# Labs — Module 3: Mastery of Agentic CLI Tools
> Four short labs that turn an unconfigured repo into a governed,
> permission-safe agentic environment. Each lab fits in a single
> focused block; the whole set is ~70 minutes.
| Lab | Title | Time | Maps to |
|-----|--------------------------------------------------|--------|--------------------------------------|
| 3.1 | Add a permission policy + verified LSP | 15 min | §3.2 Settings & permissions |
| 3.2 | Write a tight AGENTS.md (under 80 lines) | 20 min | §3.4 Governing the project |
| 3.3 | Plan mode vs Build mode — one A/B | 20 min | §3.3 Plan mode vs Build mode |
| 3.4 | Configure one alternate model route | 15 min | §3.2 Multi-provider configuration |
---
## Lab 3.1 — Add a permission policy + verified LSP
### Objective
Stop being prompted for routine commands. Block dangerous ones at
the policy layer. Confirm LSP is running.
### Time
15 minutes.
### Real-world scenarios
- **A — TypeScript monorepo (pnpm + Turbo).** Allow
`Bash(pnpm test:*)`, `Bash(turbo run lint --filter:*)`. Deny
`pnpm publish`.
- **B — Python data pipeline (poetry + Airflow).** Allow
`Bash(poetry run pytest:*)`, `Bash(airflow dags list)`. Deny
`airflow dags trigger`.
- **C — Go microservices (Make-driven).** Allow `Bash(make test:*)`,
`Bash(go test ./...)`. Deny `make deploy`, `kubectl apply`,
`terraform apply`.
### Setup
```bash
mkdir -p .claude && touch .claude/settings.json
echo ".claude/settings.local.json" >> .gitignore
```
### Steps
1. Write `.claude/settings.json` with `model`, 3 `allow` patterns
for routine commands, and 2 `deny` patterns for danger.
2. Run `claude /diagnostics`; confirm LSP for your primary language
is listed. If not, install the standard server.
3. Open a fresh session.
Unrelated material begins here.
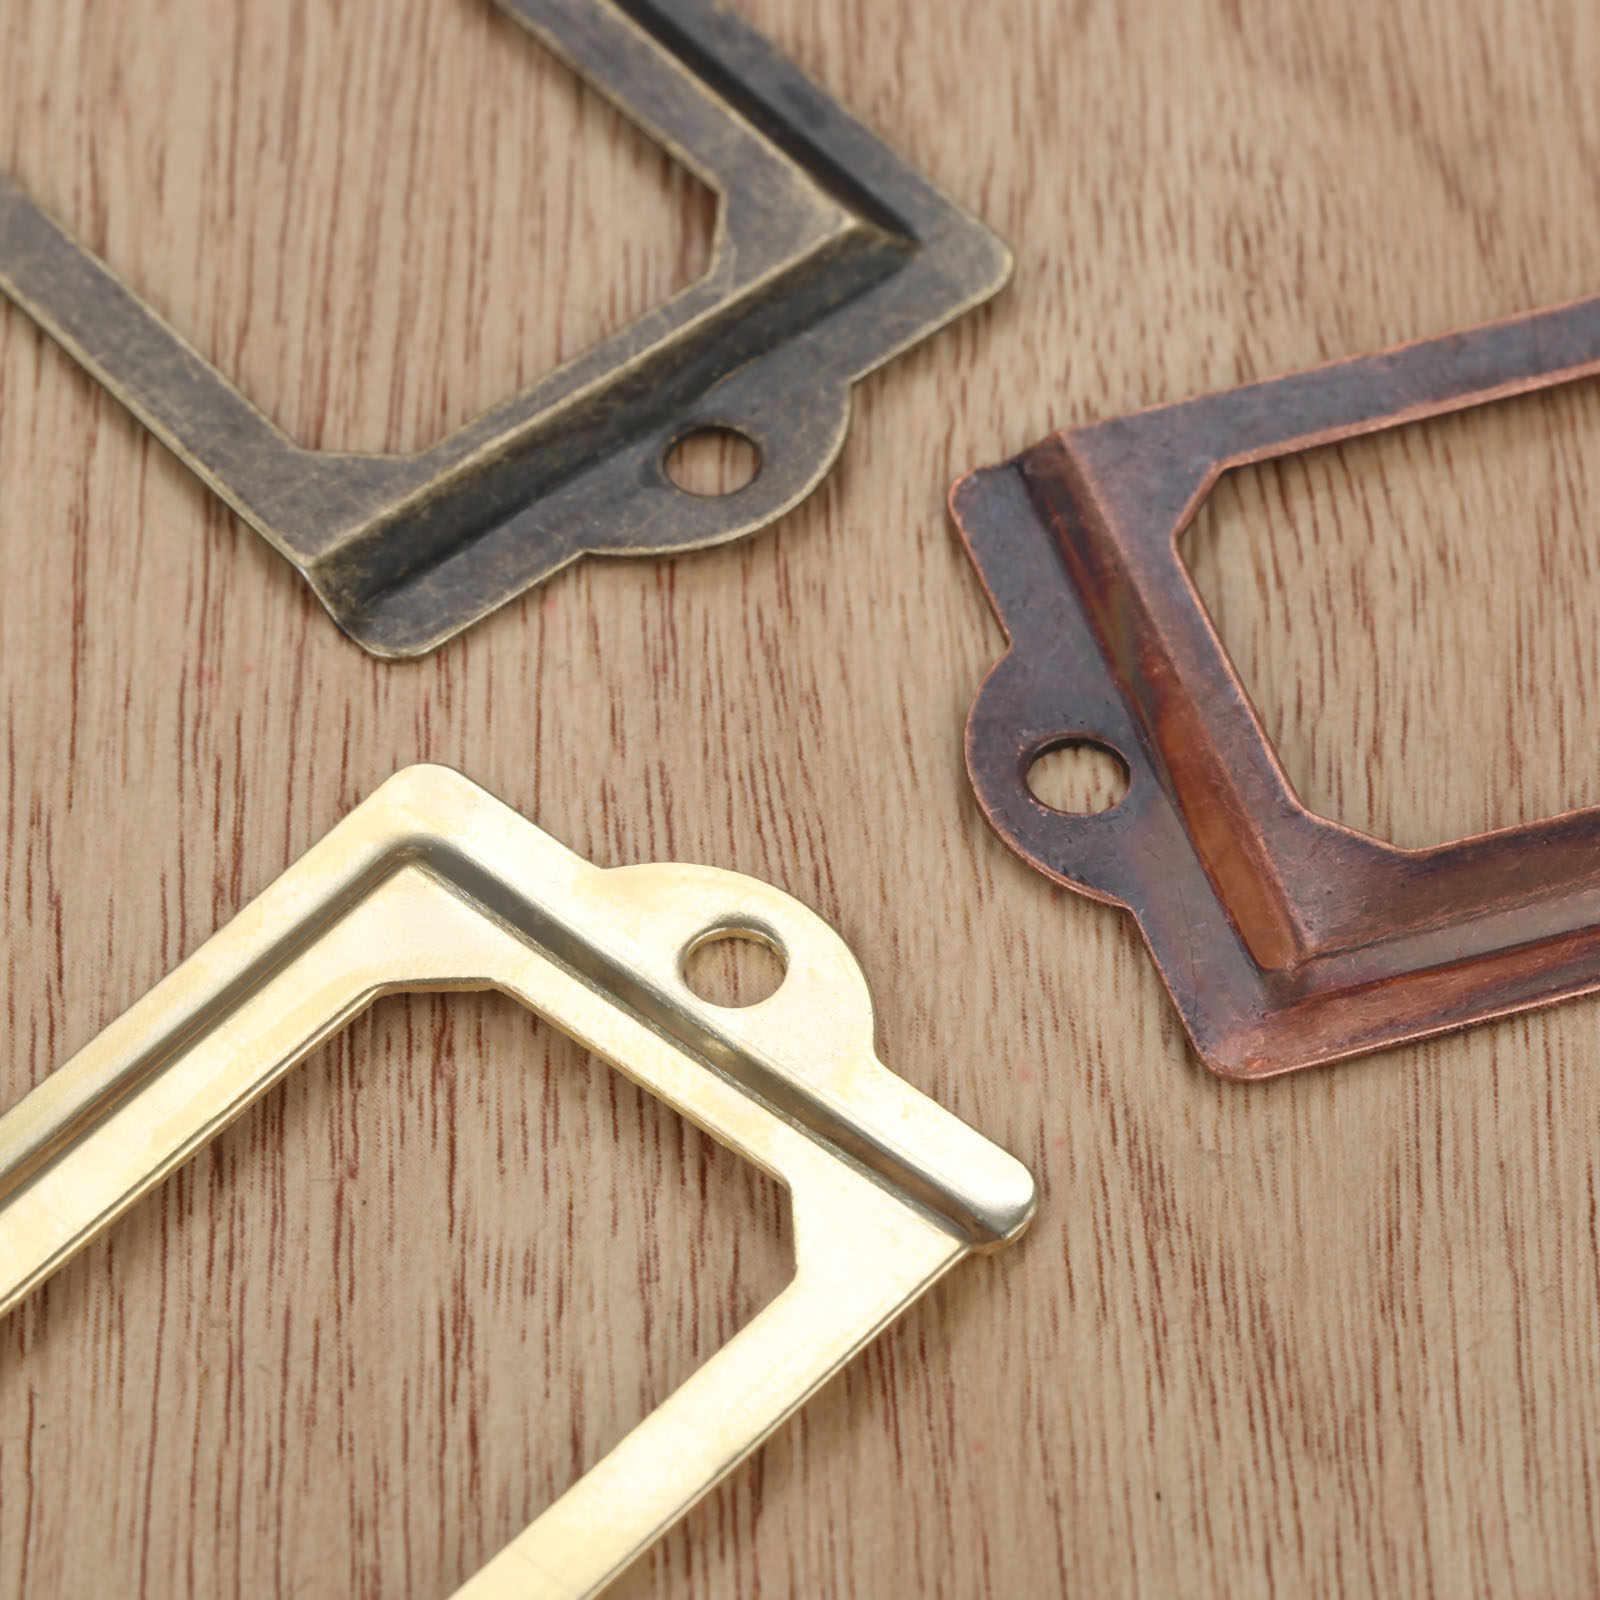 5pcs Antique Label Holder Metal Name Card Frame Furniture Cabinet Drawer Box

Trigger one allow-listed command (should
run silently) and ask the agent to attempt one denied command
(should refuse).
### Deliverable
`.claude/settings.json` committed + `labs/notes/3.1-permissions.md`
listing the allow/deny lines, the LSP server confirmed, and the
denied-command transcript snippet.
### Success criteria
- A routine session needs **zero** permission prompts for the
allowed patterns.
- The denied command is *blocked at the policy layer*, not just
unallowed.
### Reflection
- Which pattern did you almost wildcard? What restrains you?
### Stretch
- Move one personal-only allowance into
`.claude/settings.local.json` (gitignored).
---
## Lab 3.2 — Write a tight AGENTS.md (under 80 lines)
### Objective
Codify the conventions an agent *can't infer from the code* in one
file the harness loads automatically.
### Time
20 minutes.
### Real-world scenarios
- **A — Mature SaaS.** Heavy on "use *this* not *that*" with
rationale (Zod not class-validator; custom logger not winston).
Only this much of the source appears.